The state of mind or mens rea required for second-degree murder has been somewhat problematic throughout the history of Anglo–American jurisprudence. As early as 1762, Sir Michael Foster termed the requisite mental state for the common-law offense as a “heart regardless of social duty and fatally bent upon mischief.” Instead, our focus is the statutory language adopted in Kansas that apparently had its genesis in the Model Penal Code first proposed in 1962, which required killing “recklessly under circumstances manifesting extreme indifference to the value of human life.”
One commentator surveyed 20 cases between 1975 and 1986 and found the following factors as persuasive of the requisite state of mind:
“1. Intoxication.
“2. Speeding.
“3. Near or nonfatal collisions shortly before the fatal accident.
“4. Driving on the wrong side of the road.
“5. Failure to aid the victim.
“6. Failure to heed traffic signs.
“7. Failure to heed warnings about reckless driving.
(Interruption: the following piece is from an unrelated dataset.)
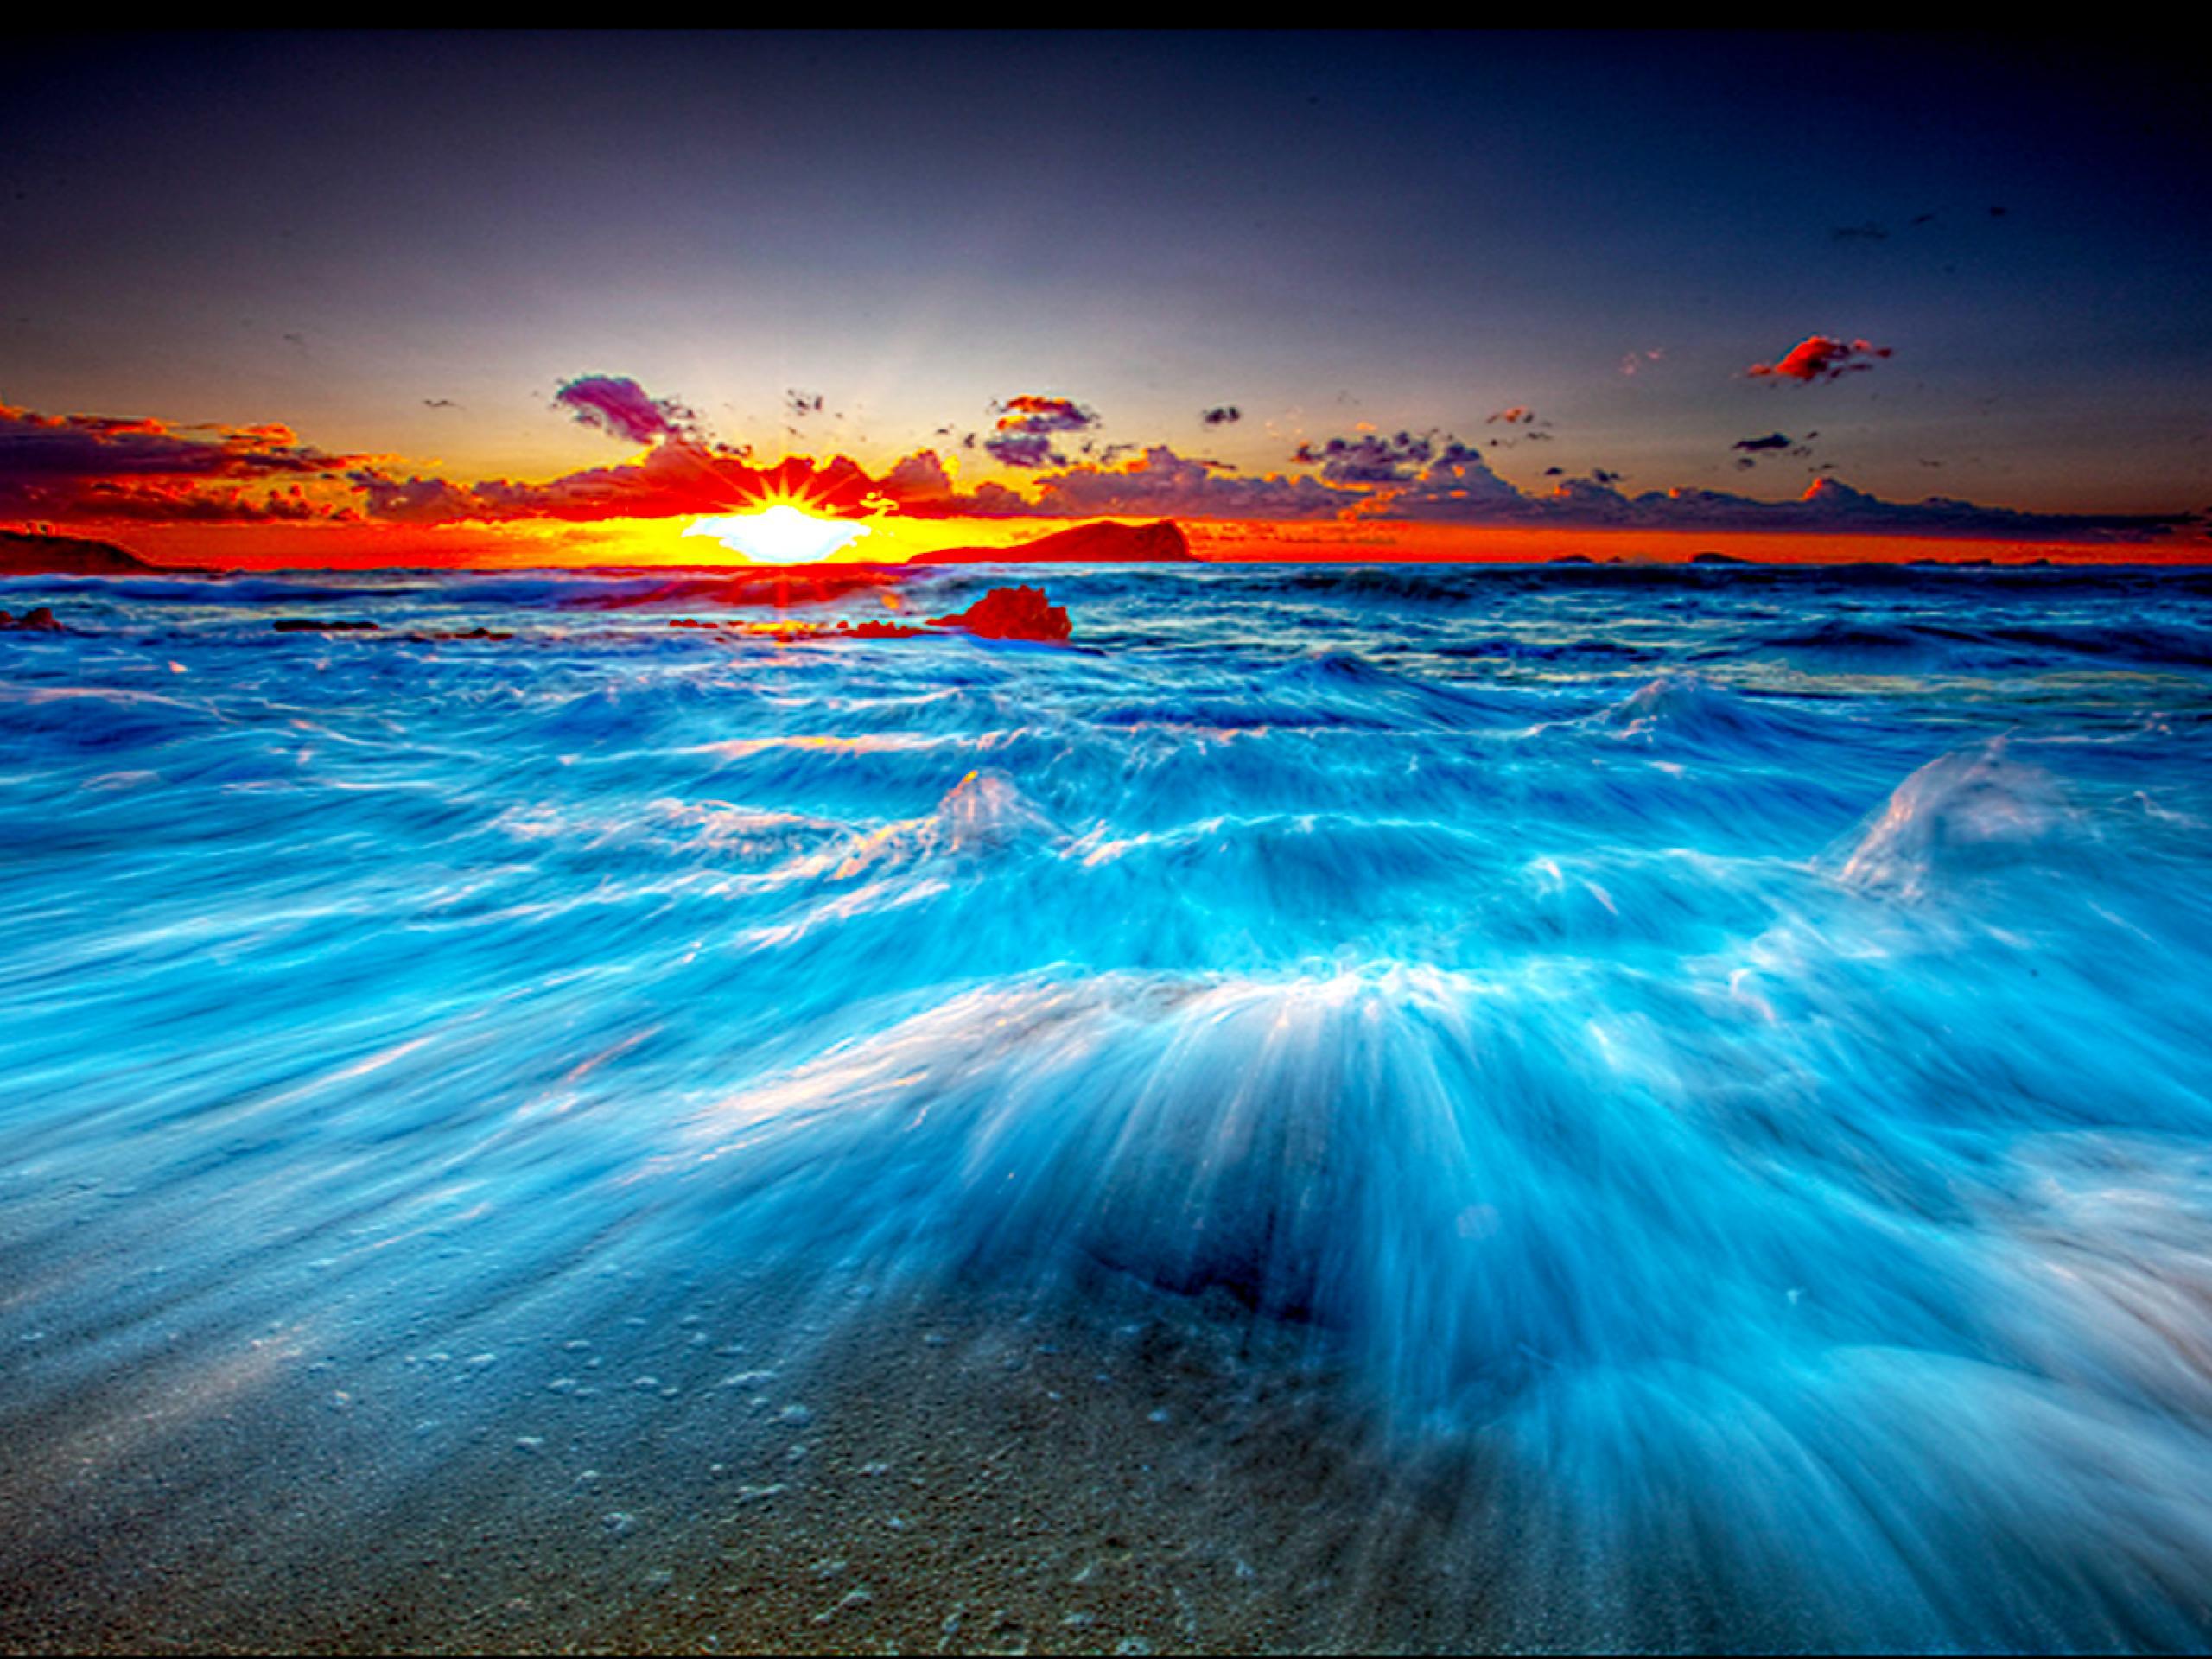 Desktop Photo Background Wave Backgrounds Ocean Wallpapers - Beach Waves Background Hd - HD Wallpaper
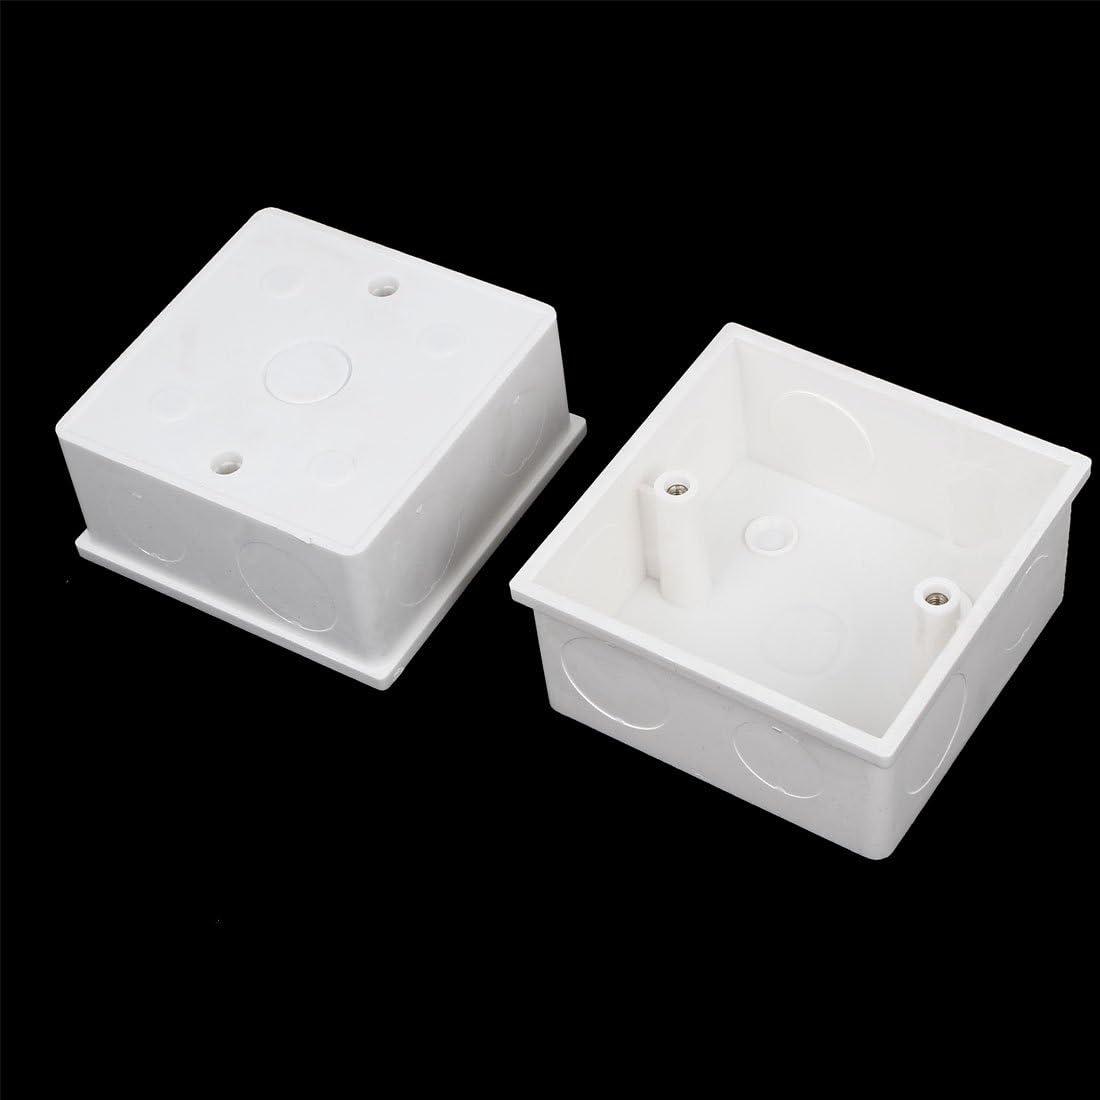 4 Piezas 86mmx86mmx43mm PVC blanco Soporte Caja Empotrar para ...

“8. Prior record of driving offenses
Application of these factors seems appropriate to determine whether evidence in a particular case meets the requisite state of mind, but we are mindful that no precise universal definition or exclusive criteria is appropriate. The comments to the Model Penal Code declare that “recklessness” must be of such an extreme nature that it demonstrates an indifference to human life similar to that held by one who commits murder purposely or knowingly, but precise definition is impossible.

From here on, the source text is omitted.